Fig. 2 ¹H NMR spectra of (a) PS-MDVSi (8a) (chloroform-d, 25 °C); (b) PS-Silaboracycle (9a) (chloroform-d, 25 °C); (c) PS-PE₂ (10a) (toluene-d₈, 80 °C).

The success of this strategy was confirmed by both GPC and NMR results (Fig. 1 and 2). After polyhomologation, the peak shifted to a higher molecular weight range keeping the narrow distribution profiles (10a: M_w,GPC-LS = 506 × 10³, PDI_GPC-LS = 1.32; 10b: M_w,GPC-LS = 367 × 10³, PDI_GPC-LS = 1.56, T_m = 116 °C; 10c: M_w,GPC-LS = 423 × 10³, PDI_GPC-LS = 1.35) (Fig. 1 and Fig. S3 and S4, ESI†). Also, the fingerprints of the PS and PE blocks were found in the ¹H NMR spectrum (Fig. 2c).

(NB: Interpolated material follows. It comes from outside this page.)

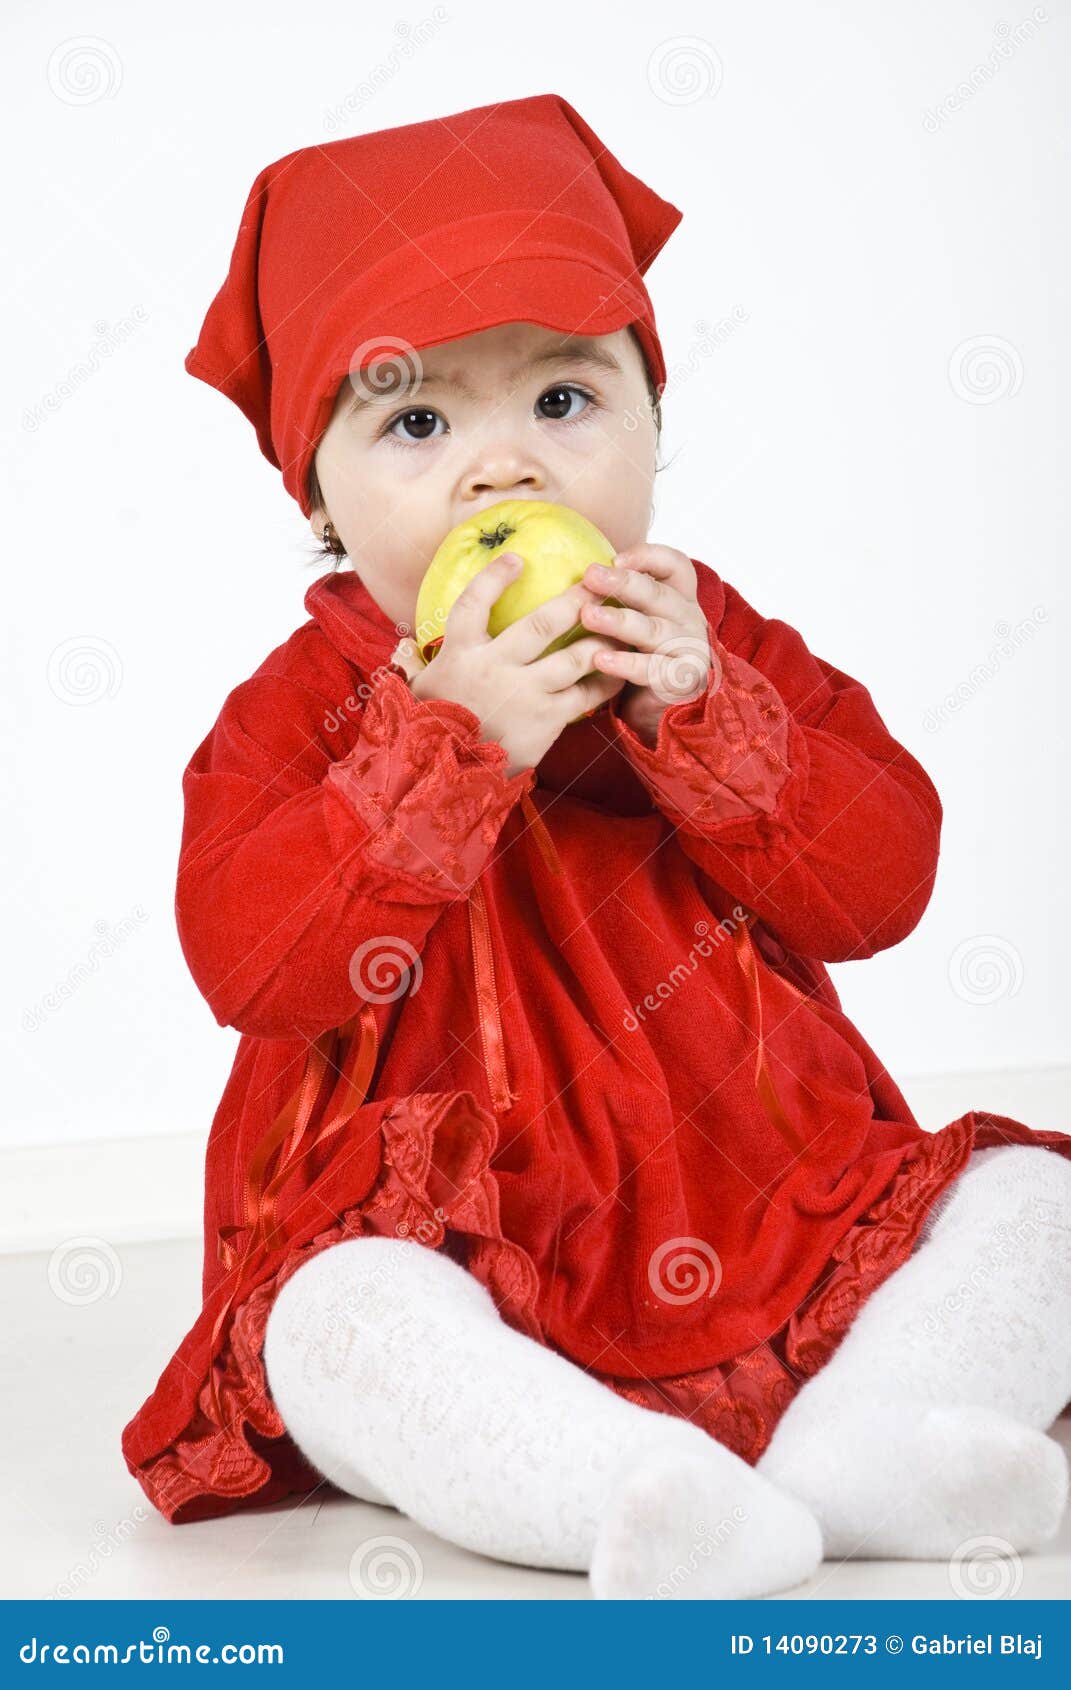 Bambino che mangia mela. La ragazza del bambino che si siede sul pavimento si è vestita in vestiti rossi e nel cibo della mela verde. Controlli egualmente i <a href="http://www.dreamstime.com/children--rcollection13056-resi828293">bambini</a>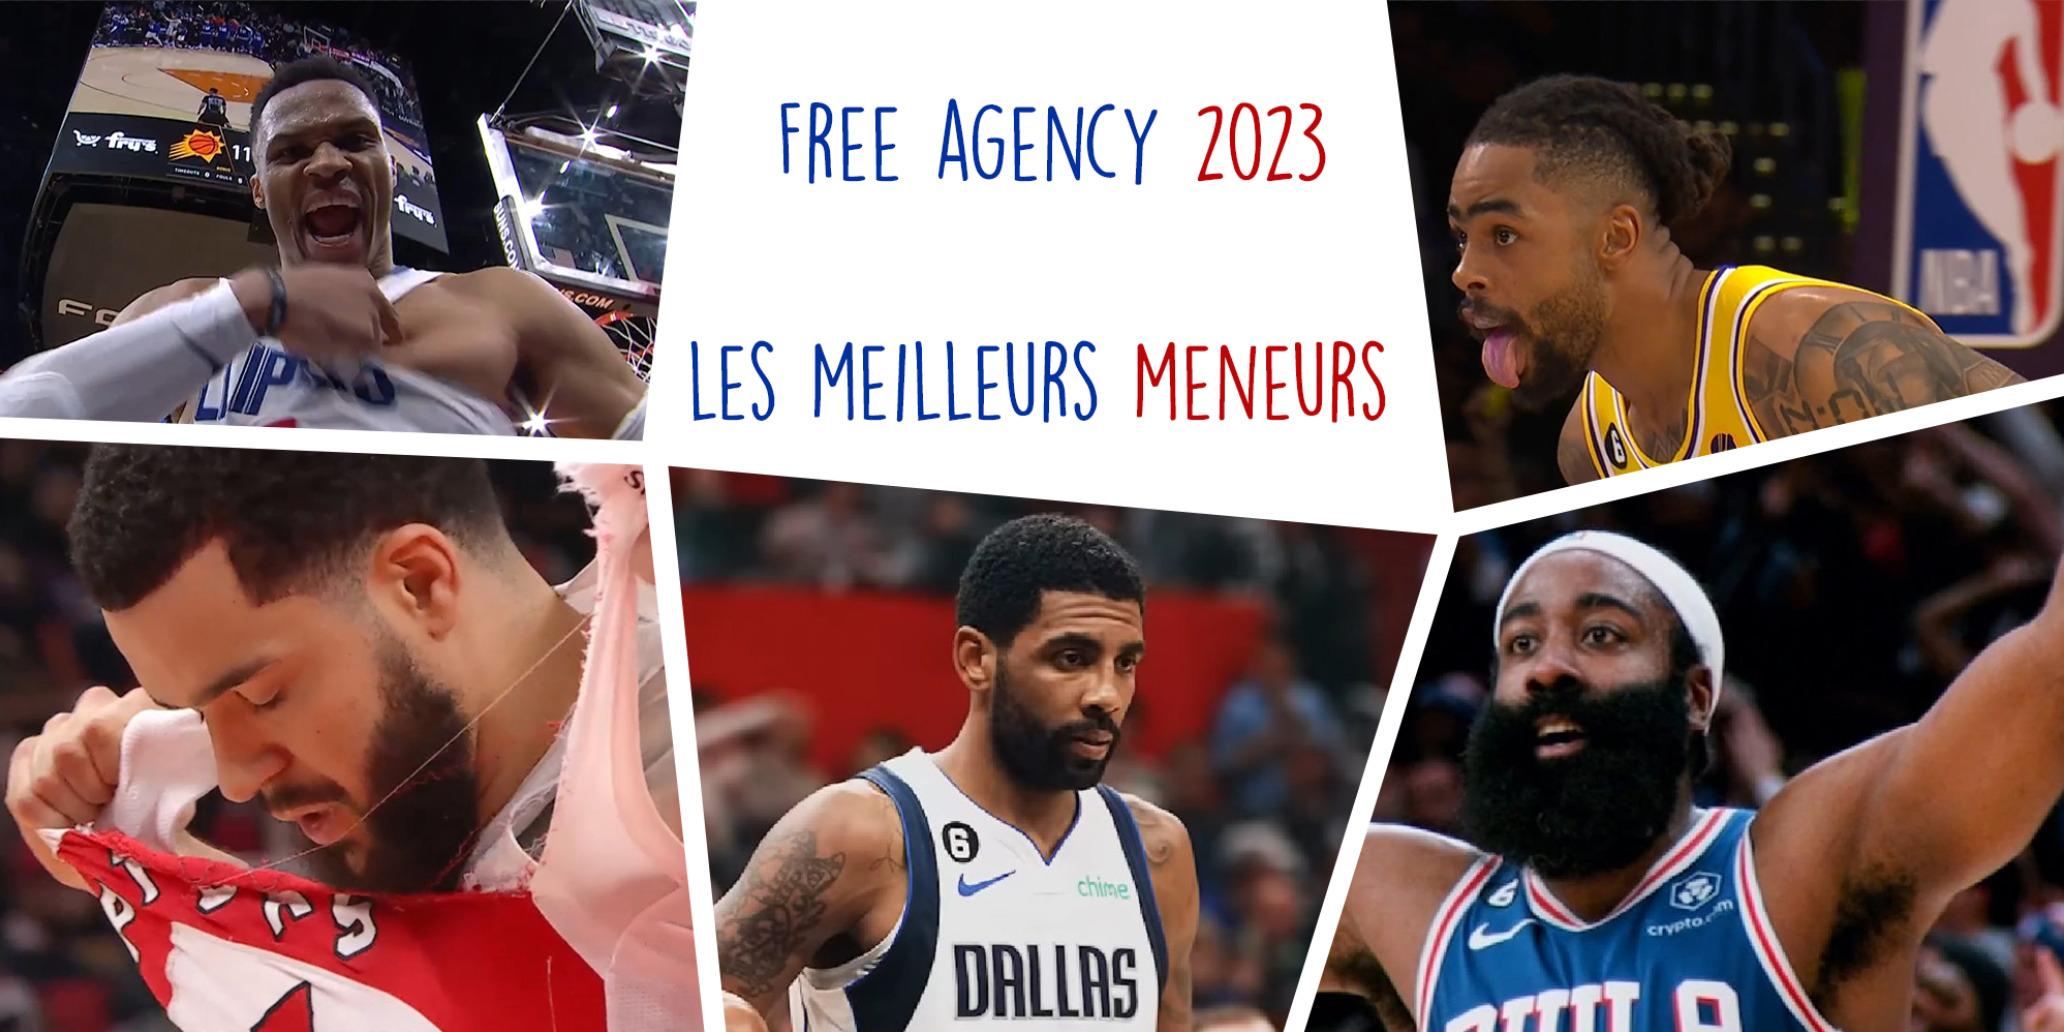 Free Agency Meneurs 2023

A “grafting from” strategy shown in Scheme 4 was developed to synthesize a double graft copolymer. First, copolymerization of styrene with 2-((methyldivinylsilyl)oxy)ethyl methacrylate (DVSiOMA, 11) (for preparation see ESI,† Scheme S6) by ATRP initiated by ethyl 2-bromoisobutyrate (EBiB) with the CuBr/PMDETA catalytic system led to PS-co-PDVSiOMA 12. Then, the pendant divinylsilyl groups were transformed to B-thexyl-silaboracycles by hydroboration with thexylborane, followed by polyhomologation. As an example, PS₃₈-co-PDVSiOMA₃ (PDI_GPC = 1.31) was synthesized (feed ratio 50/4.5).

Scheme 4 Synthesis of PE-branched double graft copolymer by combination of ATRP and polyhomologation.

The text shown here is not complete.